The Lemon Orchard

by

Alex La Guma

Teachers and parents! Our Teacher Edition on The Lemon Orchard makes teaching easy.

On a cold night, a group of men walks between two rows of trees in a lemon orchard. Overhead, the moon is hidden behind grey clouds; nothing can be heard except the distant sounds of crickets chirping and a dog briefly barking. The tart smell of lemons hangs in the air. A man holding a lantern walks ahead of the others, and another man carrying a loaded shotgun calls to him to slow down because it’s dark at the back of the group. Though this man walks at the rear of the party, he’s the leader.

Another of the men comments about the chilly weather, and the leader asks if this man is as cold as the “coloured” (multiracial) man walking ahead of them, using a racial slur to refer to him. The coloured man, whose hands are bound behind his back, shivers—he isn’t dressed in warm clothing like the others are. The men had only allowed him to put on pants and a raincoat over his pajamas when they woke him up and took him captive. The coloured man is both too afraid and too stubborn to respond when the man with the lantern mockingly asks if he’s cold.

Andries, the fifth man in the group, says that the coloured man is shivering with fear rather than cold. Both he and the man who commented about the cold are carrying whips. Andries then says that the coloured man is dumb, which makes the leader demand that they all stop and wait. He says that the coloured man isn’t dumb—rather, he’s a well-educated savage. The leader shoves his shotgun against the coloured man’s back and cocks back the hammer, demanding that the coloured man respond when a baas (“master”) speaks to him.

The man with the lantern nervously warns the leader not to shoot, since they don’t want to be liable for a murder. The leader questions what the man with the lantern means. Under the lanternlight, the leader’s face is dark red and so visibly pockmarked that it resembles a map covered with markings and topography. His blue eyes look like frozen water. He calls the coloured man a racial slur again and says that the man is a teacher at a school that the he and the others pay for. The leader reminds everyone that the coloured man disrespected a white minister at their church, which he won’t stand for.
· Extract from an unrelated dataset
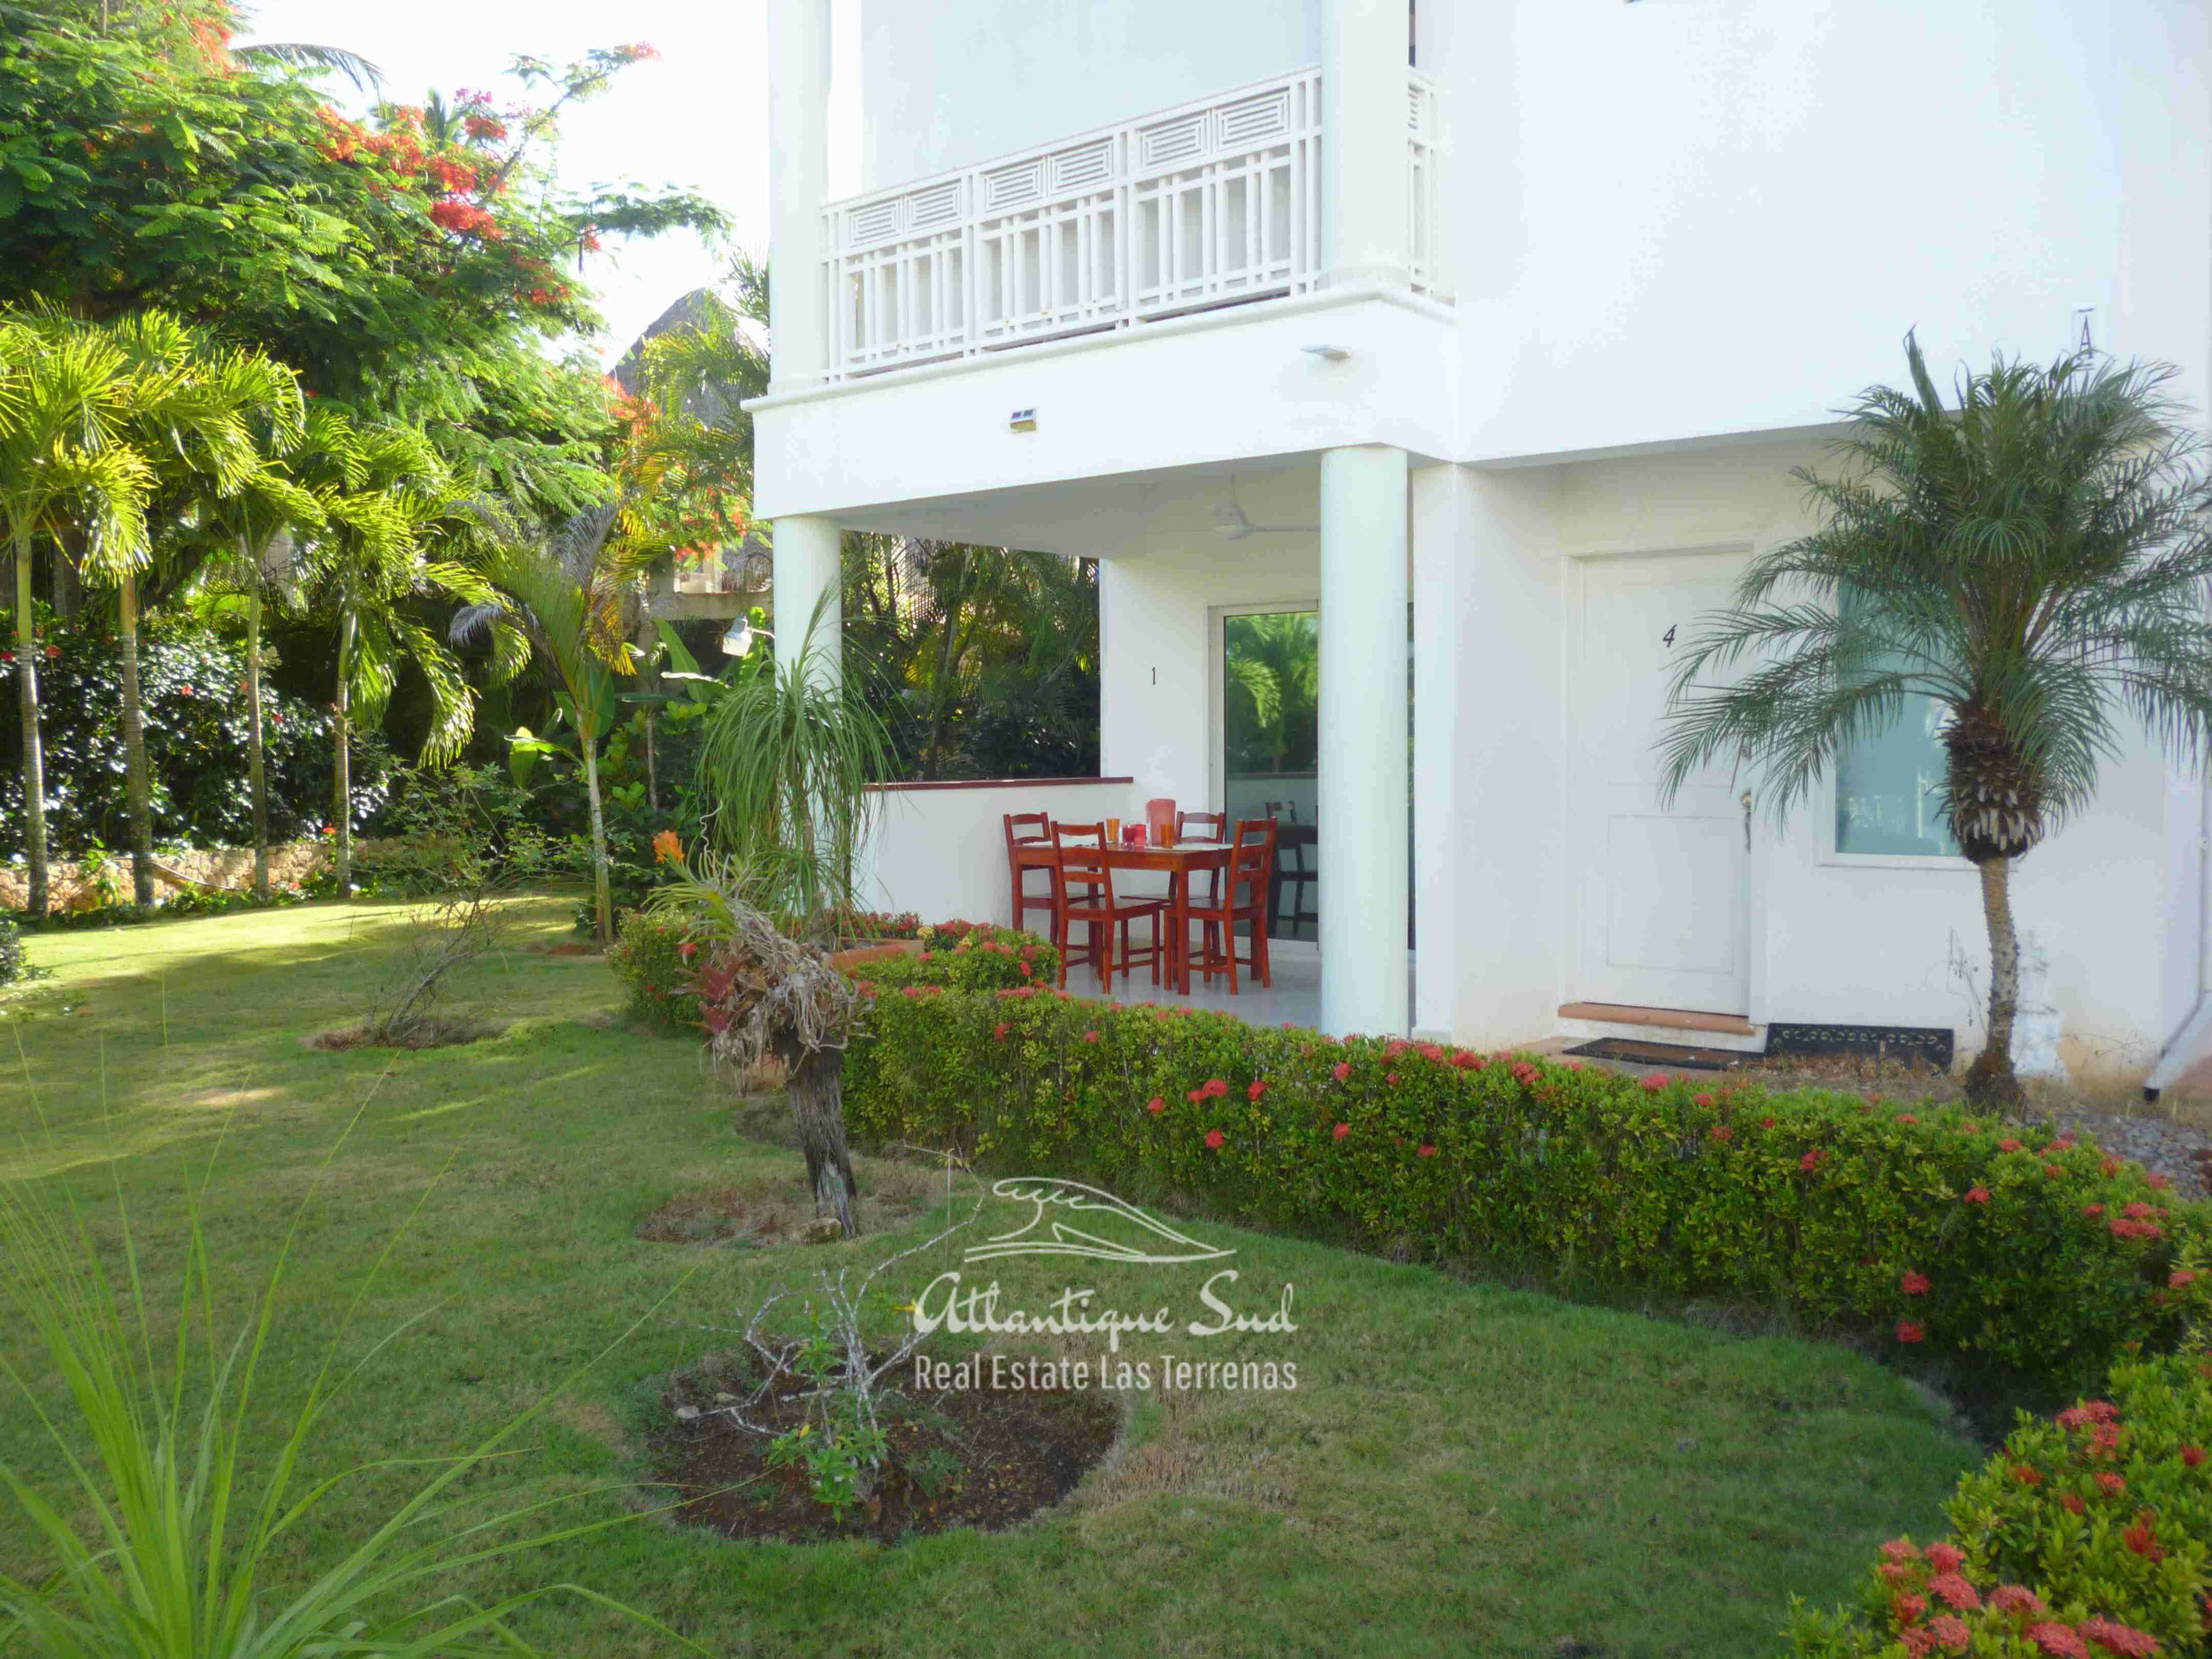 Condo for sale Punta Popy Las Terrenas26.jpg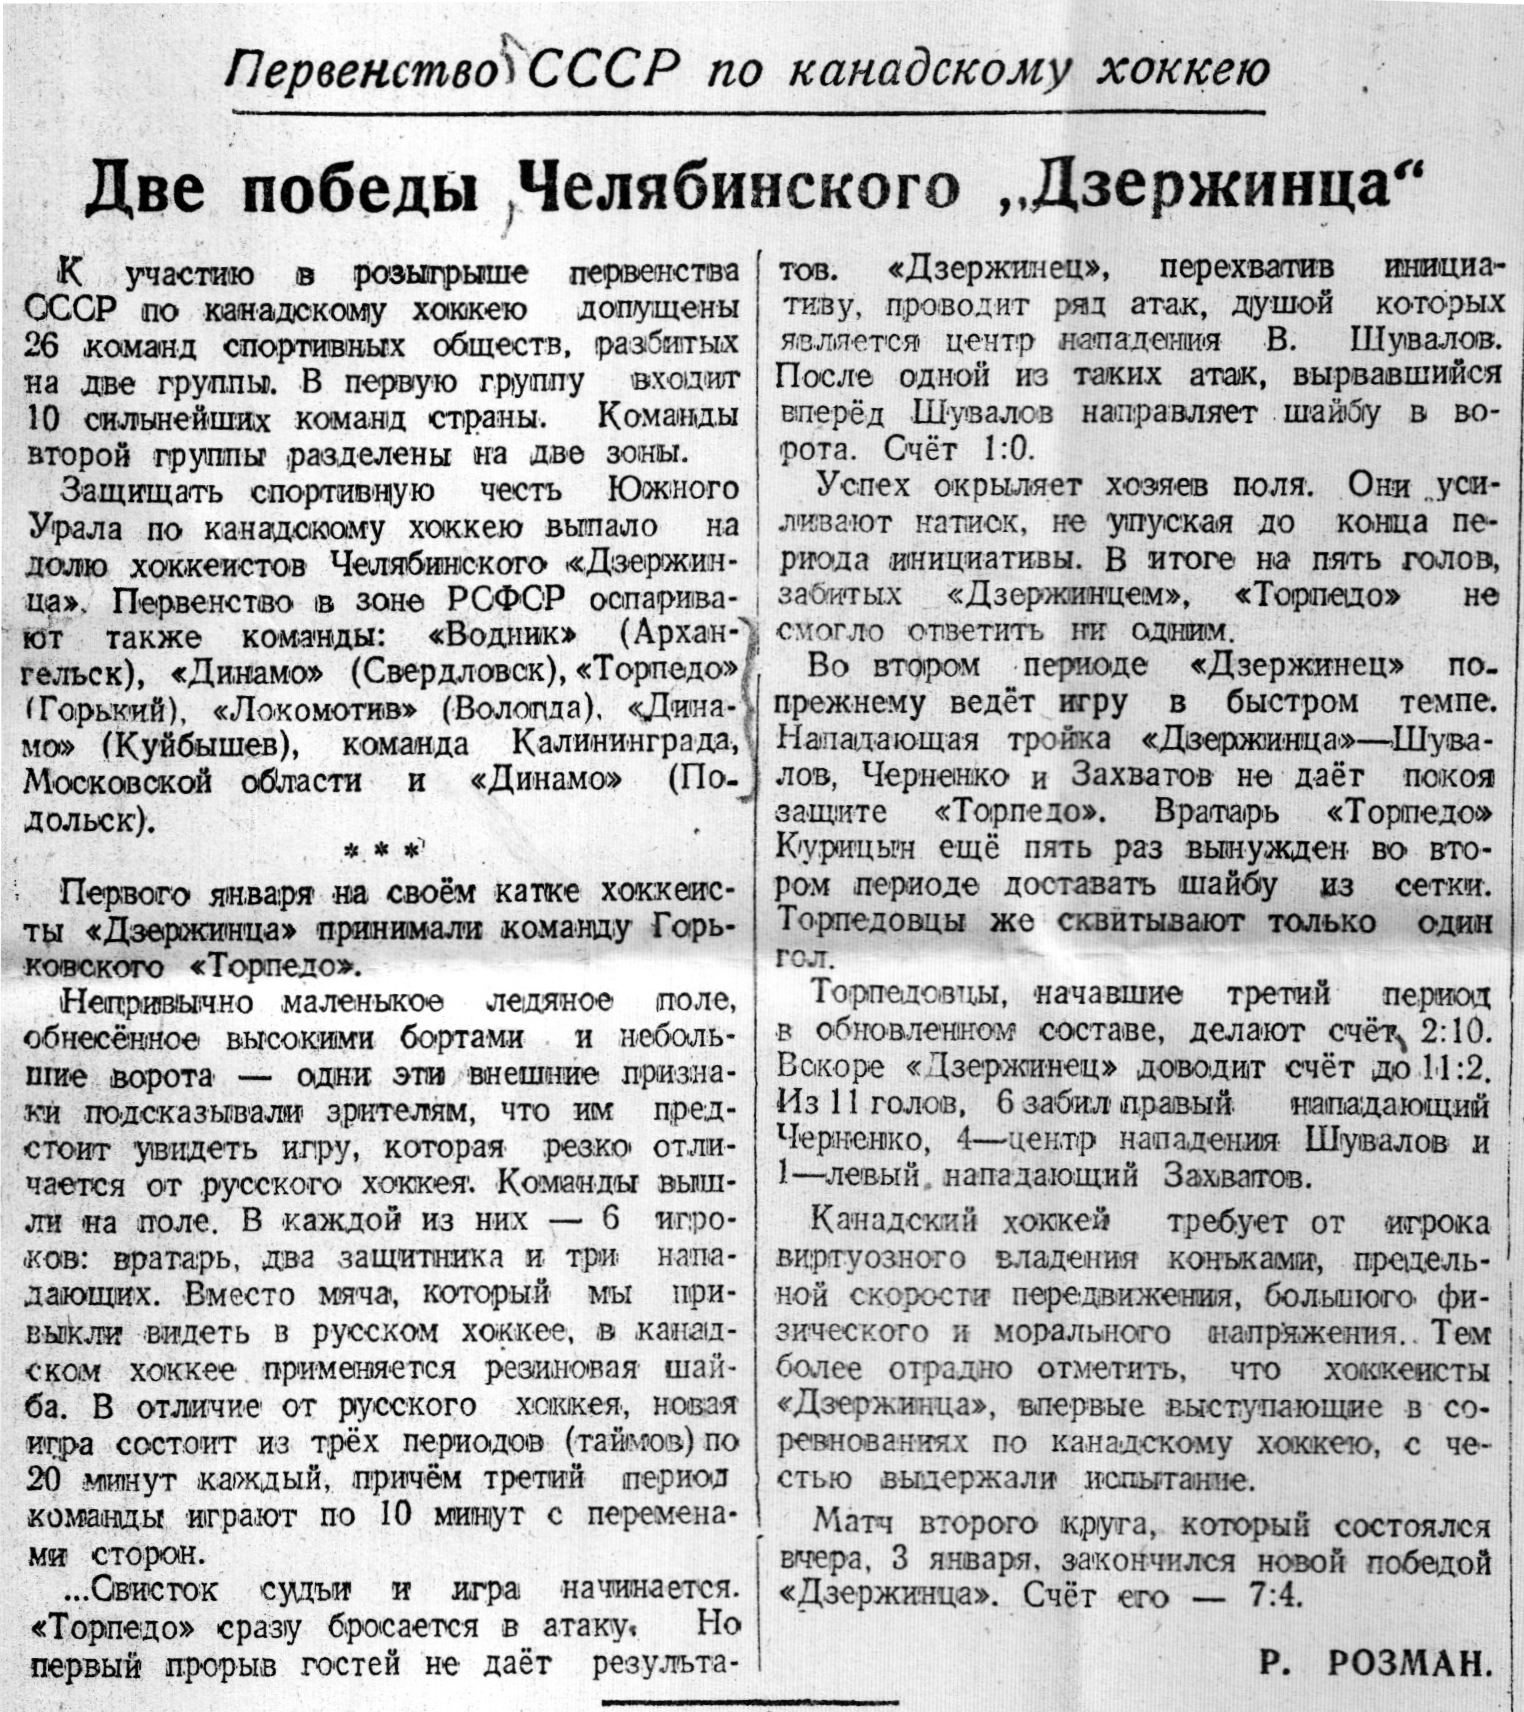 Челябинский рабочий № 3 (8481) от 4 января 1948 года две победы Дзержинца.jpg

The man with the lantern agrees with the leader, but he again cautions against murder. The leader retorts that he’ll shoot any non-white person (again using a racial slur) he wants in order to get respect. The leader shoves his gun into the coloured man’s back and demands to know if the coloured man heard him; Andries steps up, punches the coloured man, in the face and echoes the leader. The coloured man, stumbling to his feet, is afraid for his life. He answers “Yes, baas,” in a dignified yet derisive way, though the others don’t pick up on his tone.

After this, the group continues walking through the orchard. The leader says that the coloured man should have gone to court to dispute the whipping that the principal and the church leader gave him. Andries says that they’ll give him a whipping bad enough to teach him a lesson. The leader agrees—they’ll drive the coloured man away to the city where less dignified people live. They don’t want educated non-white people in their town. The sound of the dog barking in the distance interrupts the men, and the man with the lantern comments that it’s a good watchdog—he unsuccessfully tried to buy it from the farmer who owns it. He says that he’d take great care of it.

As the group keeps walking, the lemon trees rustle in the wind, a harsh sound that doesn’t seem to fit with how nice the fruit smells—the smell is stronger now, as though the lemons were being juiced. The air has gotten chillier, the crickets louder; the moon has appeared from behind the clouds to cast silvery light on the leaves. Finally, the man with the lantern points out a place to stop: a gap in the orchard, surrounded by trees, that resembles an amphitheater. The moonlight shines onto the sharp edges of the leaves and branches, lighting up the dew so that it looks like quicksilver.